Step 7: Explore Advanced Features

# Web UI
open http://localhost:8080/ui/

# Prometheus metrics
curl http://localhost:8080/metrics

# Anthropic-compatible API
curl http://localhost:8080/v1/messages -H "Content-Type: application/json" -d '{
  "model": "llama3.2:1b",
  "max_tokens": 1024,
  "messages": [{"role": "user", "content": "Hello from Anthropic SDK!"}]
}'

Frequently Asked Questions

Can I run Ollama and Mullama side by side?

Yes. They use different default ports (Ollama: 11434, Mullama: 8080) and different storage directories. Both can run simultaneously without conflicts.

Do I need to re-download my models?

Not necessarily. If you have GGUF files from Ollama, you can point Mullama directly at them using --model-path or by setting MULLAMA_CACHE_DIR. Alternatively, mullama pull downloads models from HuggingFace into its own cache.

Is the Modelfile format exactly the same?

Mullama supports all standard Ollama Modelfile directives. It also adds extensions (GPU_LAYERS, FLASH_ATTENTION, THINKING, TOOLFORMAT, CAPABILITY, etc.) that are Mullama-specific. An Ollama Modelfile works in Mullama without changes.

Can I use OpenAI client libraries with Mullama?

Yes. Mullama's daemon provides a fully OpenAI-compatible API. Any OpenAI SDK (Python, Node.js, Go, etc.) works by setting base_url to http://localhost:8080/v1 and api_key to any string.

Can I use Anthropic client libraries with Mullama?

Yes. Mullama provides an Anthropic-compatible endpoint at /v1/messages. Configure the Anthropic SDK's base URL to point to your Mullama instance.

What about model aliases like 'llama3.2:1b'?

Mullama ships with 40+ pre-configured model aliases that resolve to HuggingFace repositories. Custom aliases can be defined in configs/models.toml.

Is there a performance difference in daemon mode?

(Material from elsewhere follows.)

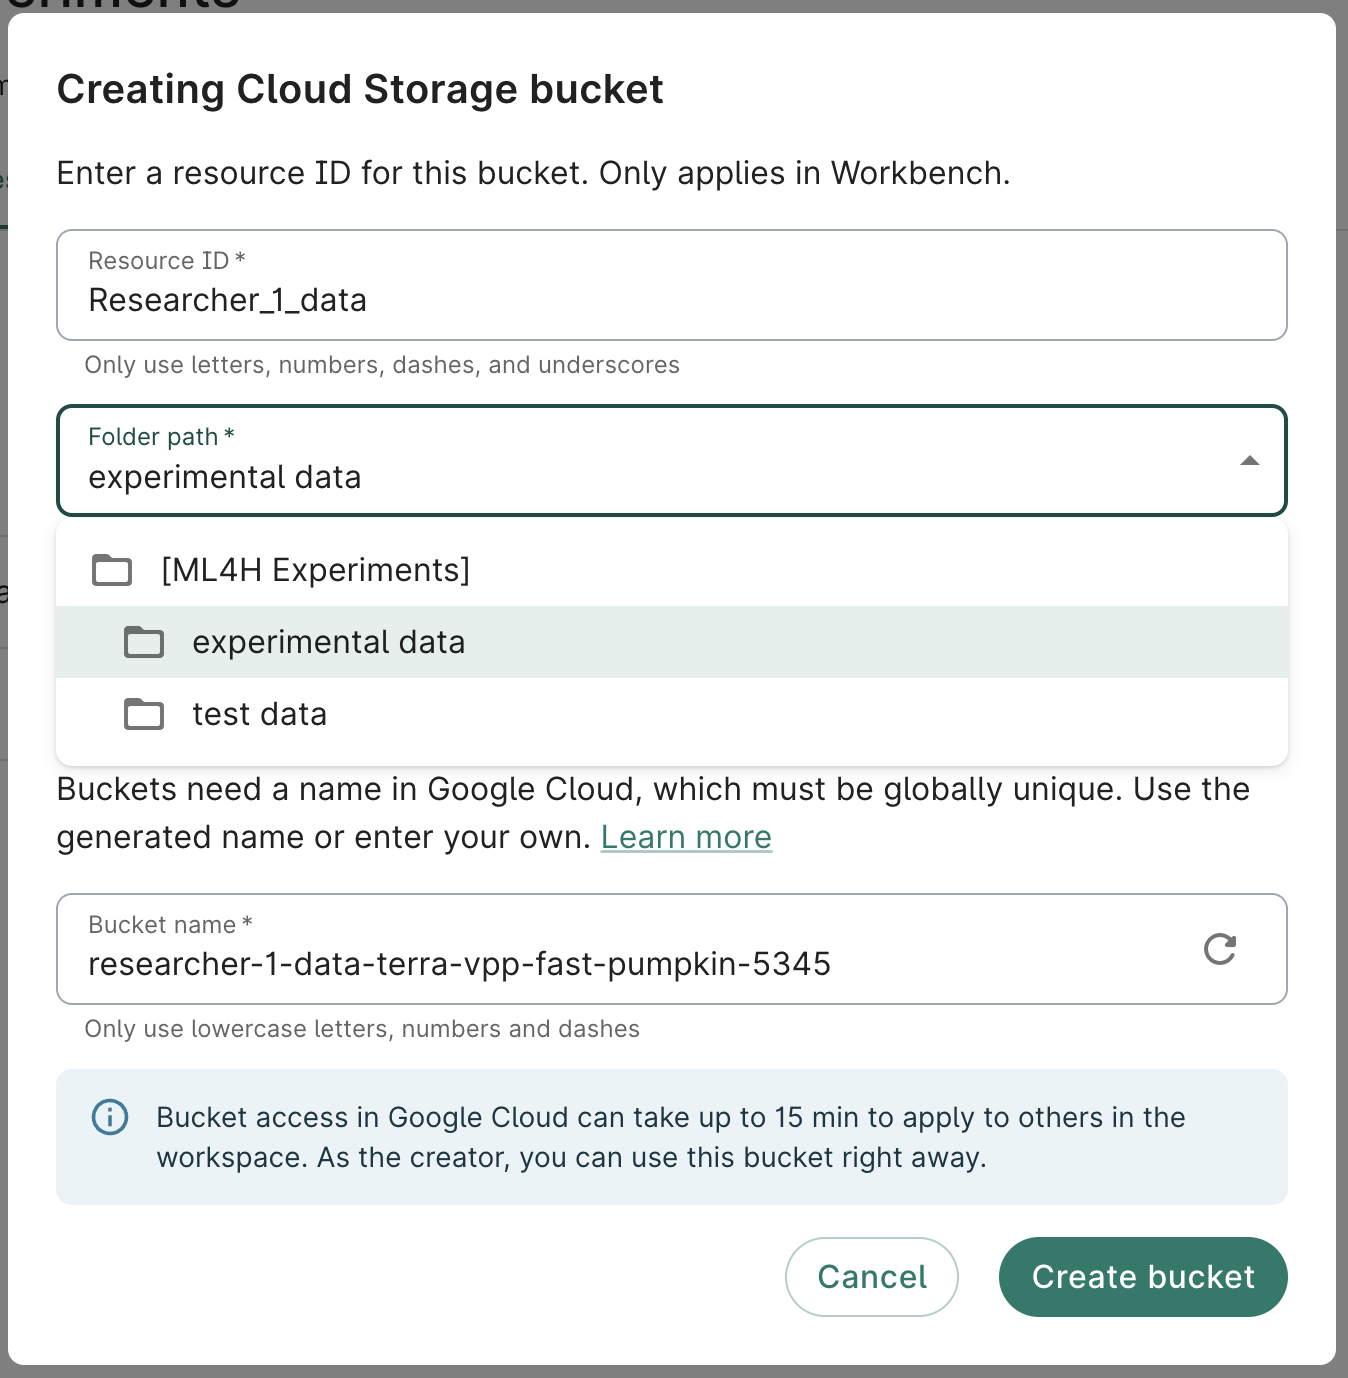 Screenshot of the Creating Cloud Storage bucket dialog, showing the folder path for the newly created bucket.

When both are running as daemons serving HTTP APIs, performance is comparable -- both use llama.cpp for inference. Mullama's advantage emerges when using native bindings (eliminating HTTP overhead entirely) or when leveraging features like parallel batch processing.

Can I use the same GPU settings?

Yes. Mullama supports CUDA, Metal, and ROCm, configured via --gpu-layers CLI flag or GPU_LAYERS in Modelfile, equivalent to Ollama's OLLAMA_NUM_GPU.

Does Mullama support chat templates?

Yes. Modelfile TEMPLATE directives work identically. Mullama also auto-detects chat templates from GGUF metadata.

What if a feature I need is missing?

Check the Feature Matrix for current status. File an issue on GitHub for feature requests -- community feedback directly influences the roadmap.